Und das sage ich, Hundebesitzer! Ich find´s auch mega-toll, dass du Carina das nochmal richtig professionell als Ausbildung gemacht hast und kann mir gut vorstellen, dass das mega-spannend ist.
Aber mir ist die Gefahr, dass ein Hund "nur" wegen der möglichen Hypoanzeige angeschafft wird, da einfach zu hoch. Dazu erlebe ich einfach viel zu viele Hunde, die mal eben gerade so kurz 2 x am Tag um den Block geschleift werden und das war´s für sie. Klar - geht bei einem Hypo-Hund nicht, denn dann wird´s kein Hypo-Hund.
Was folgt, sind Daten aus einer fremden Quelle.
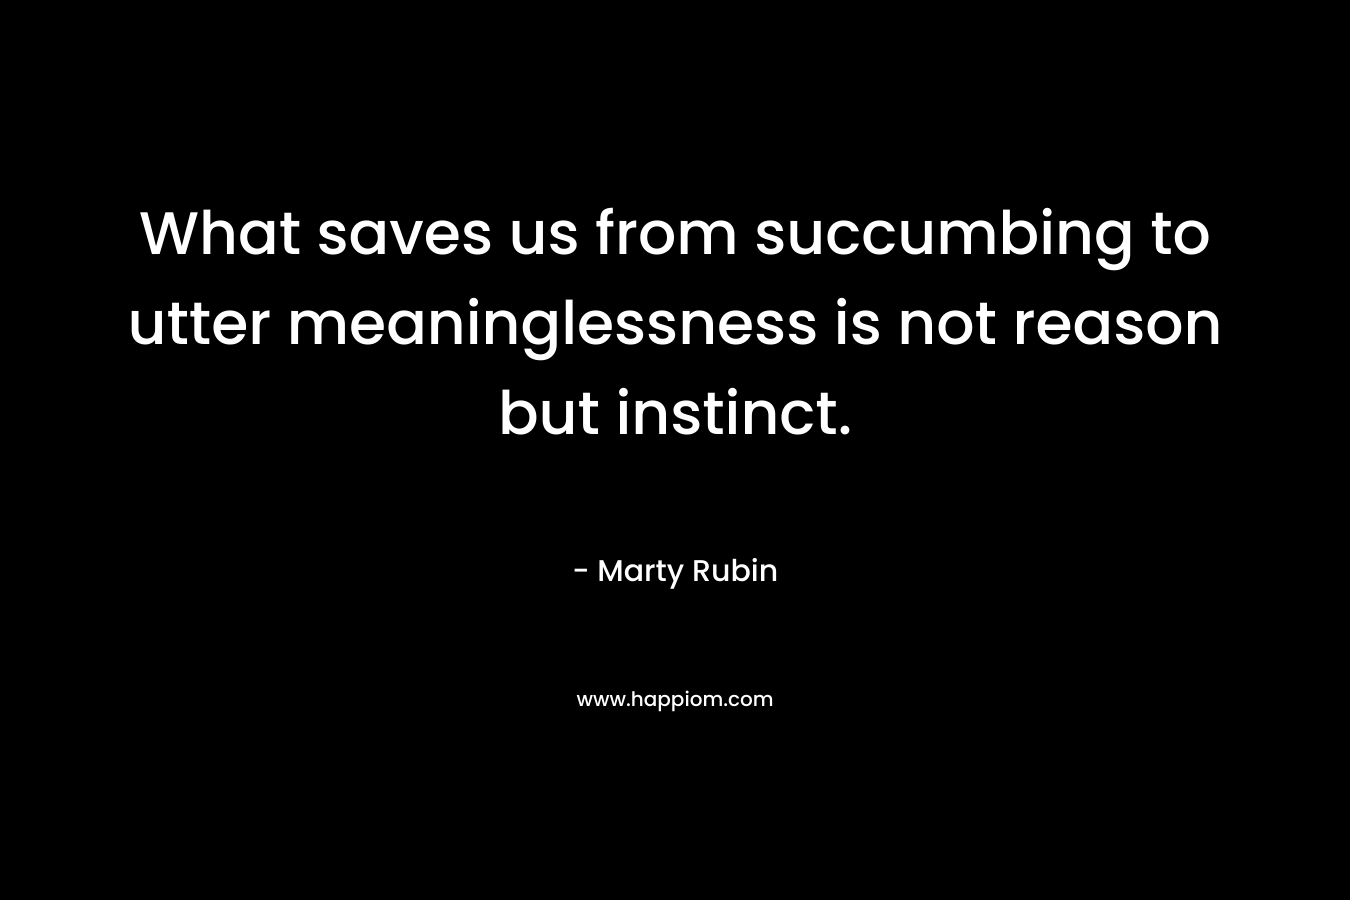 What saves us from succumbing to utter meaninglessness is not reason but instinct. – Marty Rubin

Aber ein Hypo-Hund braucht noch mal ein vielfaches mehr an Training und Aufmerksamkeit als schon eine "normaler" Familienhund. Da muss man dann auch wirklich Spaß dran haben. Wenn eine Familie eh schon am Limit ist, sehe ich das leider so gar nicht.
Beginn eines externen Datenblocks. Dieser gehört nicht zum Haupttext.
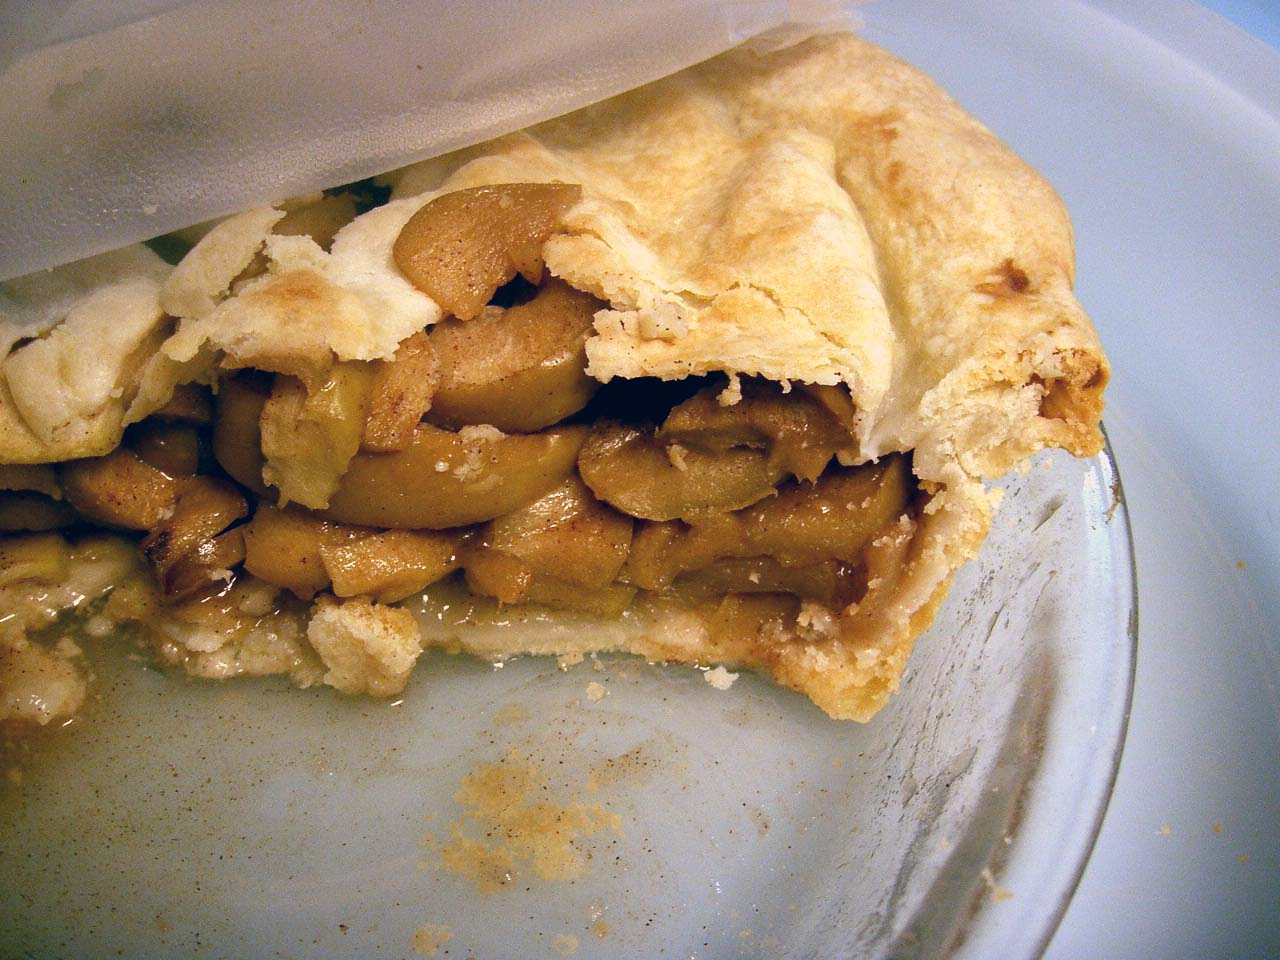 a partially eaten apple pie sitting on a plate

Wenn man aber eh´ Hunde mag, schon welche hatte und weiß, auf was man sich einlässt ... ja, dann natürlich auch sehr gerne ein Hypo-Hund. Ich ärgere mich, dass ich mir habe einreden lassen, unsere sei mit damals 3 Jahren zu alt gewesen. Die hätte da sicher Spaß dran gehabt! :)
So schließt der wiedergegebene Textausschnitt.